I absolutely agree on that point. I hoped we would pass the “Lord Young test” with a jargon-free and, at least, succinct White Paper—the Life Sciences Sector Deal 2, which we published recently. It outlines some very important commitments to research in this area, including the creation of new early diagnosis cohorts, using a cohort of healthy people to look for early signs. That is one of the investments we are making, as well as investment through the National Institute for Health Research. We are looking for those exciting innovations, like liquid biopsies, that can help us get the signs earlier.

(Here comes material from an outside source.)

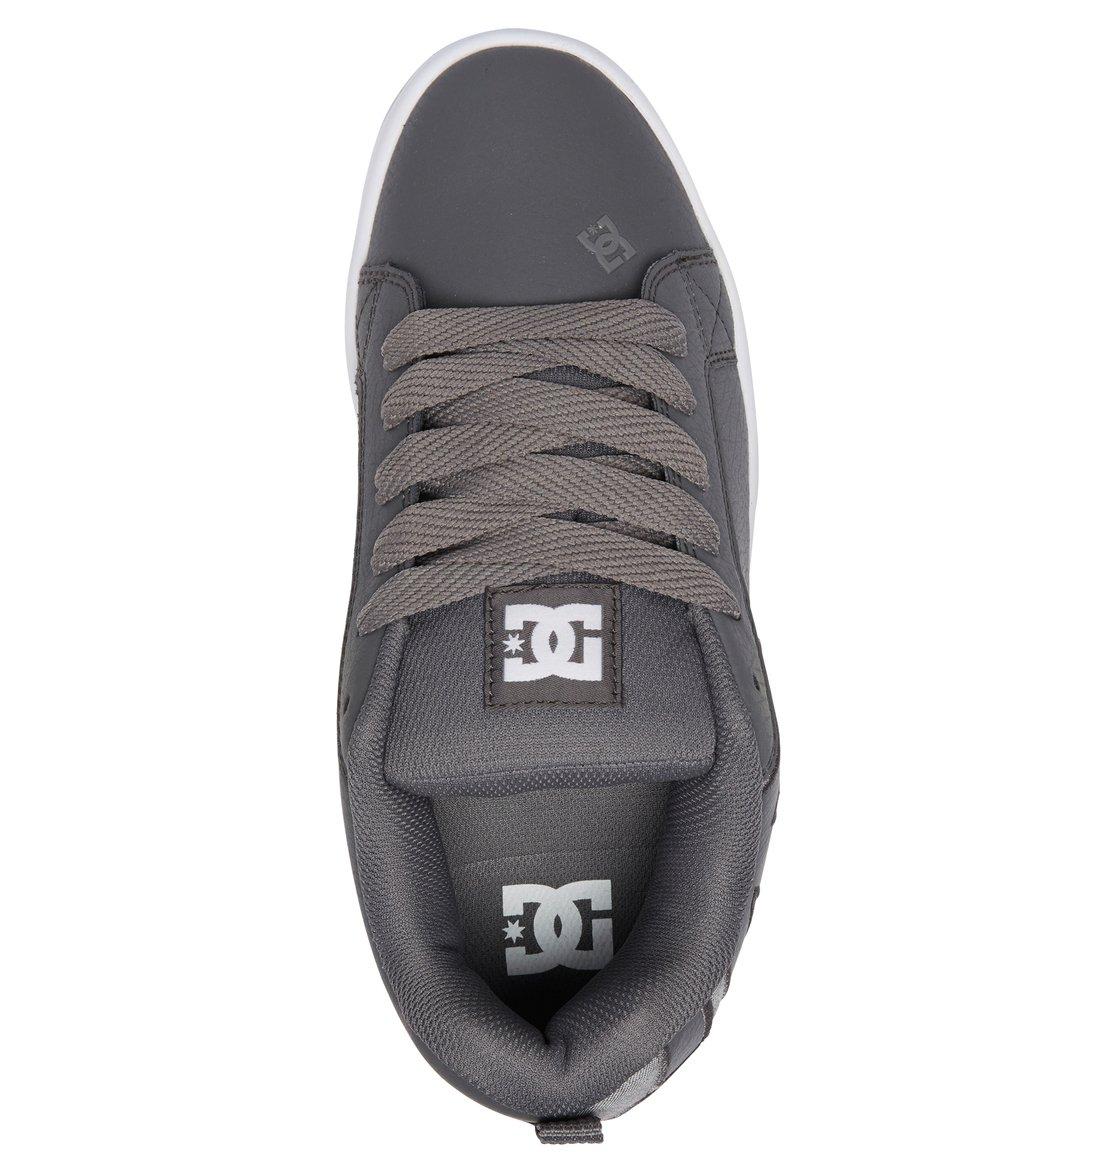 a7e0dce662f DC-Shoes-Court-Graffik-Zapatillas-para-Hombre-ADYS100442 miniatura

My Lords, as has been pointed out, it is not about the time to treatment but the time to diagnosis. Clearly, early diagnosis is the key. In Europe, the outcome for pancreatic cancer is often better than in the UK because patients have access directly to specialist care, whereas we rely on our GPs to be the gatekeepers, and that is where the problem lies. What measures will be taken to ensure that patients can have access to specialist care much earlier?

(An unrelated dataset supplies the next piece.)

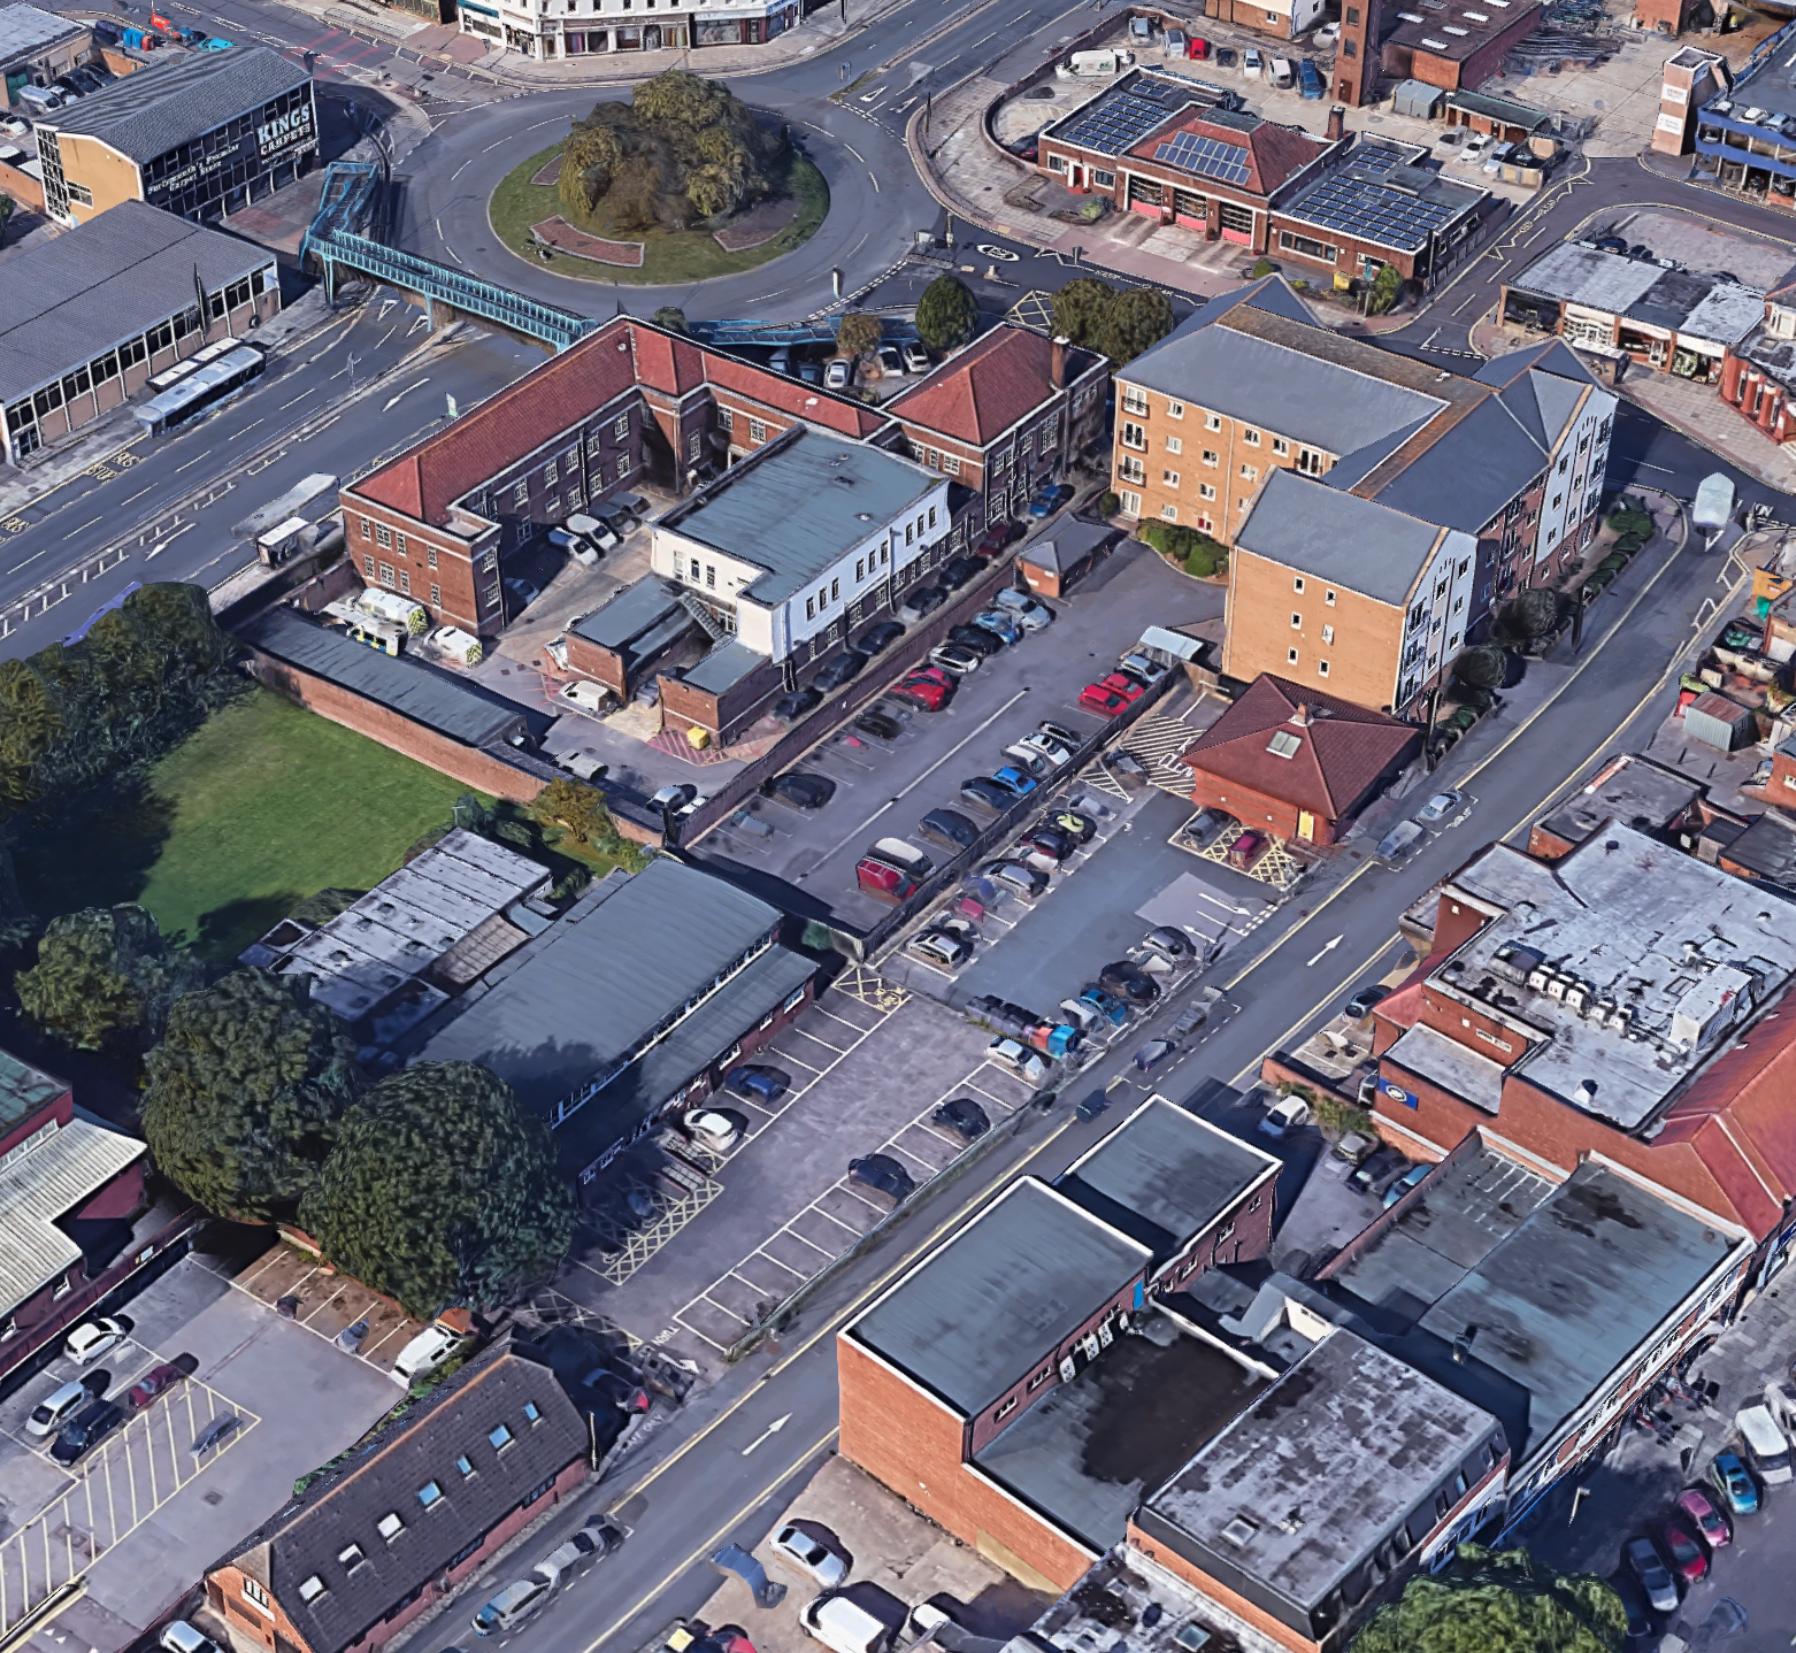 Cosham (Image source: Google Maps)

My noble friend speaks with great wisdom on this topic, and he is absolutely right. I would point to two improvements that have happened in recent years. First, the NICE standard threshold for when GPs should make referrals has been lowered, so they ought to refer more often. Secondly, we are seeing a big increase in referrals to cancer specialists: there have been over 115% more referrals since 2010. We are starting to see much greater referrals from GPs to specialists.
My Lords, the Birmingham service has shown that a one-stop clinic for diagnosis and treatment for pancreatic cancer has improved survival rates. Does the Minister agree that our long-term ambition over the next five years should be to develop one-stop clinics and immediate treatment for all cancers, if we are to improve our cancer outcomes?
The noble Lord makes a very powerful case. Indeed, I believe that is the precise model for the rapid diagnostic centres, which are multidisciplinary and not disease specific. They are looking for often vague and hard-to-find signs and developing expertise in that. In October, the Prime Minister announced that is precisely what will be rolled out nationwide.